== Work to complete ==
Keep to one stretch of the data below, the lines from the one with "Full Size of" up to and including the one with "京成3000形(7次車/30", and return that stretch exactly.

== Extracted entries ==

▬▬▬▬▬▬▬▬▬▬

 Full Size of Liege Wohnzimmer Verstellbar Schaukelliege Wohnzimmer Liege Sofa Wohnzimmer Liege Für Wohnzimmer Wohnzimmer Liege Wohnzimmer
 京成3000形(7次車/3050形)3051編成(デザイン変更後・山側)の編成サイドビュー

▬▬▬▬▬▬▬▬▬▬

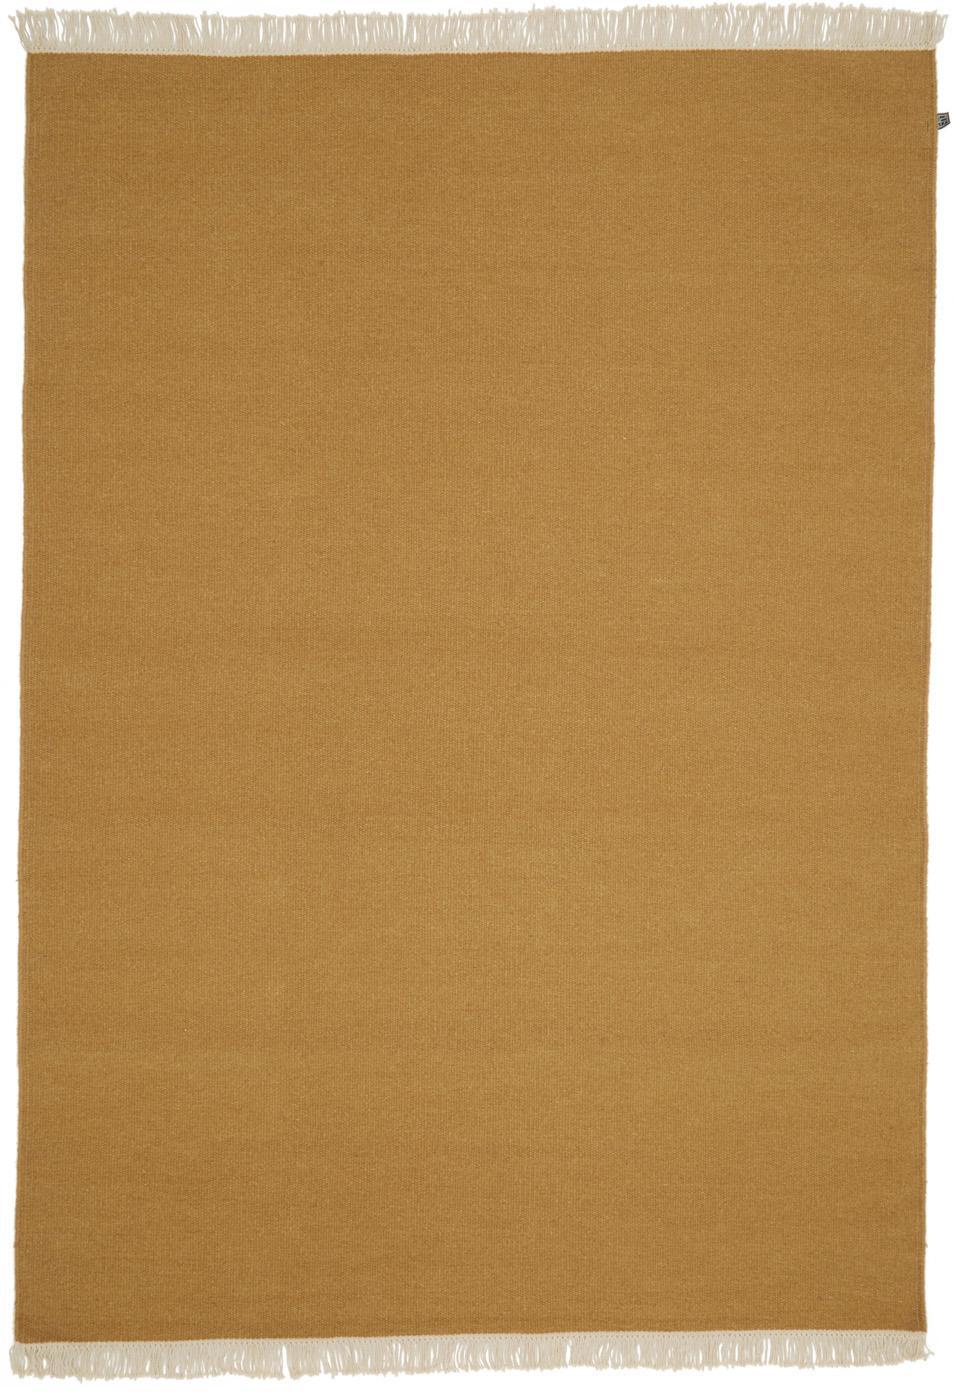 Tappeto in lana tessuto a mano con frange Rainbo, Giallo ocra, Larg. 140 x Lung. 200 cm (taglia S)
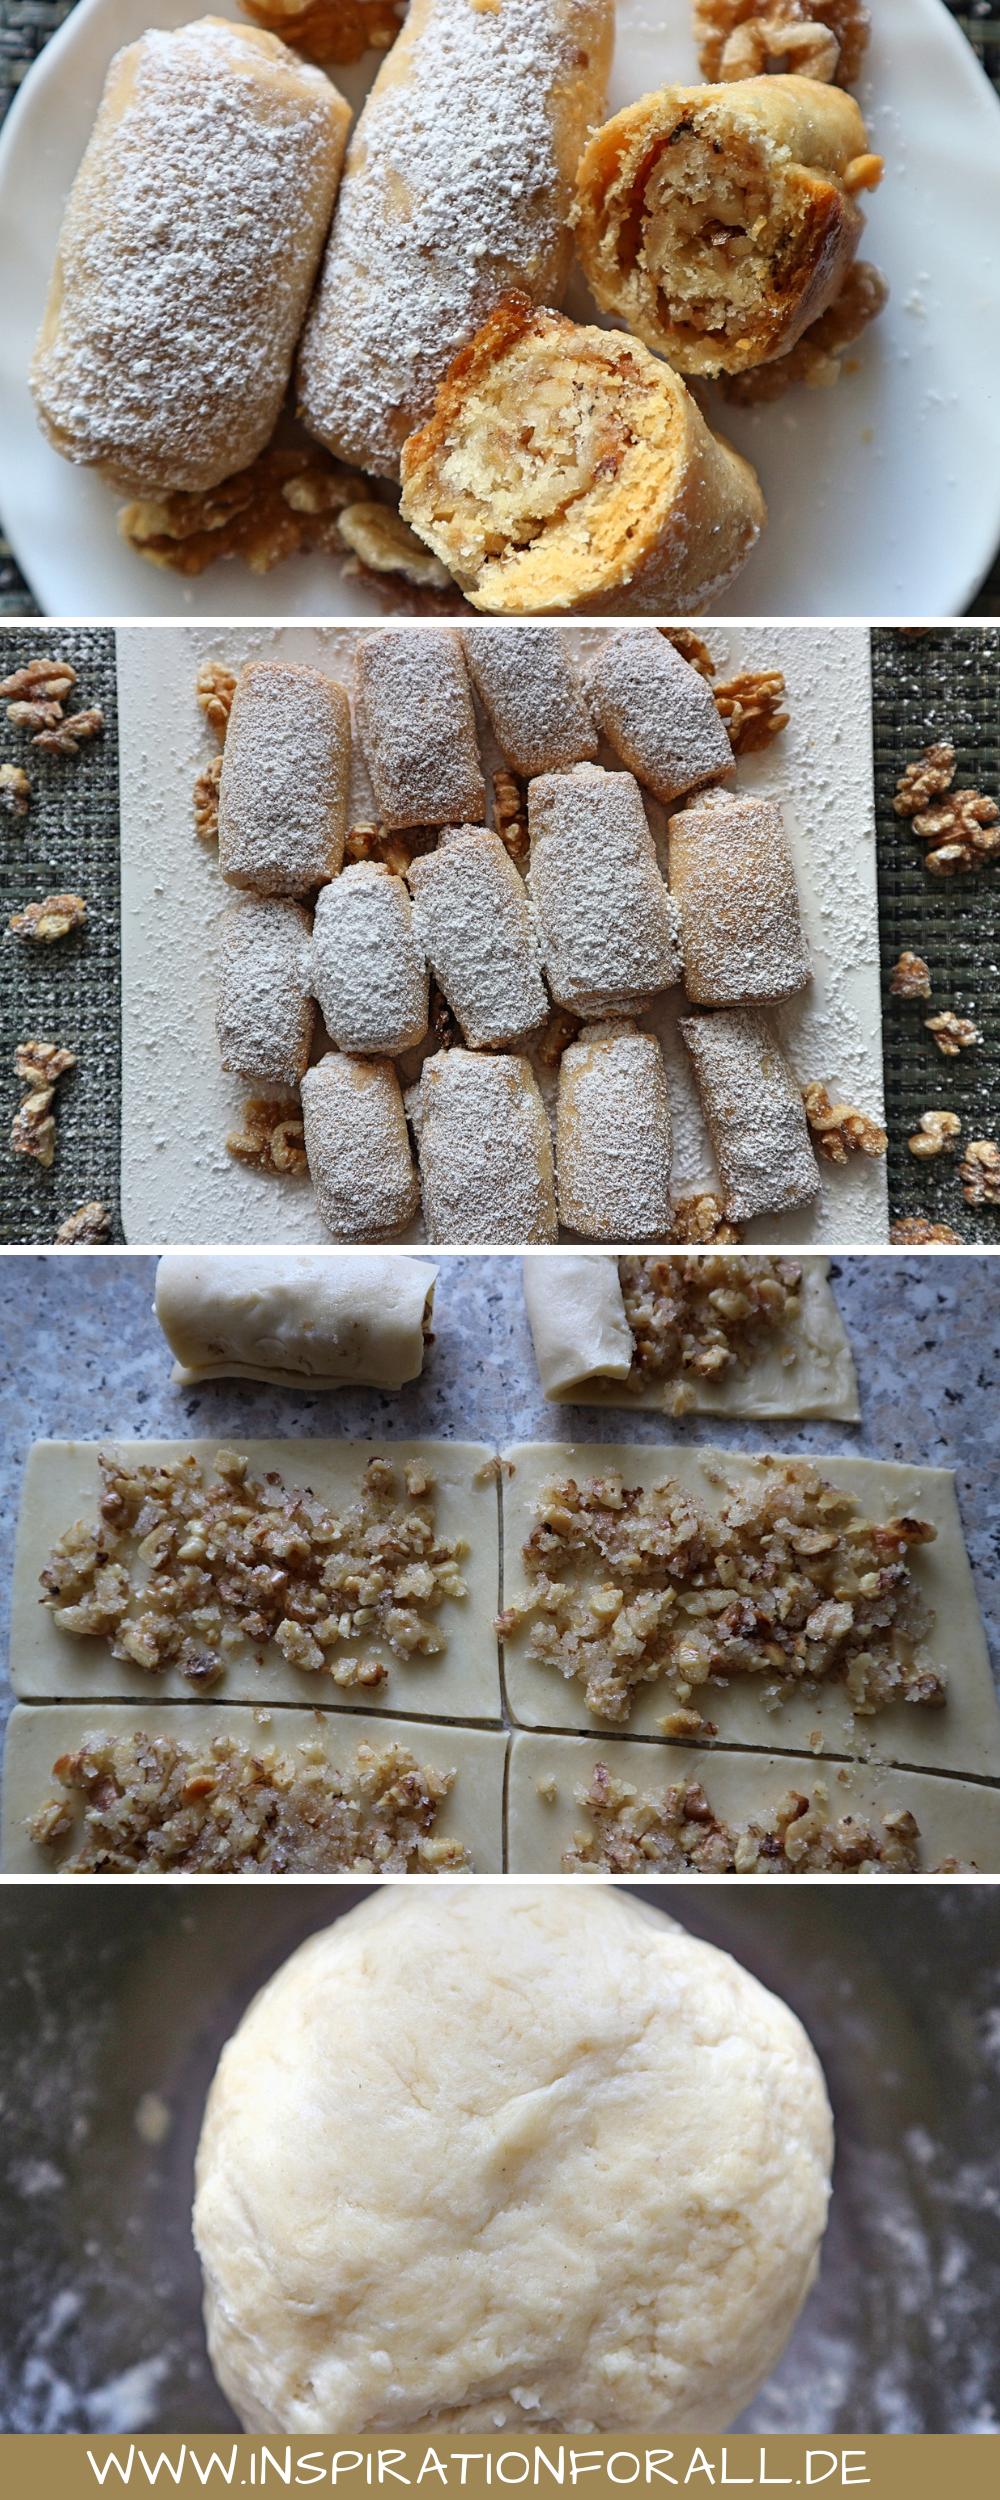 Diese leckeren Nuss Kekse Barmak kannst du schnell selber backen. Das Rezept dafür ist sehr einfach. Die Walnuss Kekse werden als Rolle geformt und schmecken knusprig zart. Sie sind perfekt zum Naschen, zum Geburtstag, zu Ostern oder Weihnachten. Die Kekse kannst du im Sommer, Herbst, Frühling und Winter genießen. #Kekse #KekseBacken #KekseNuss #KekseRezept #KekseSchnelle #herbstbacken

▬▬▬▬▬▬▬▬▬▬

== Exercise solution ==
 Full Size of Liege Wohnzimmer Verstellbar Schaukelliege Wohnzimmer Liege Sofa Wohnzimmer Liege Für Wohnzimmer Wohnzimmer Liege Wohnzimmer
 京成3000形(7次車/3050形)3051編成(デザイン変更後・山側)の編成サイドビュー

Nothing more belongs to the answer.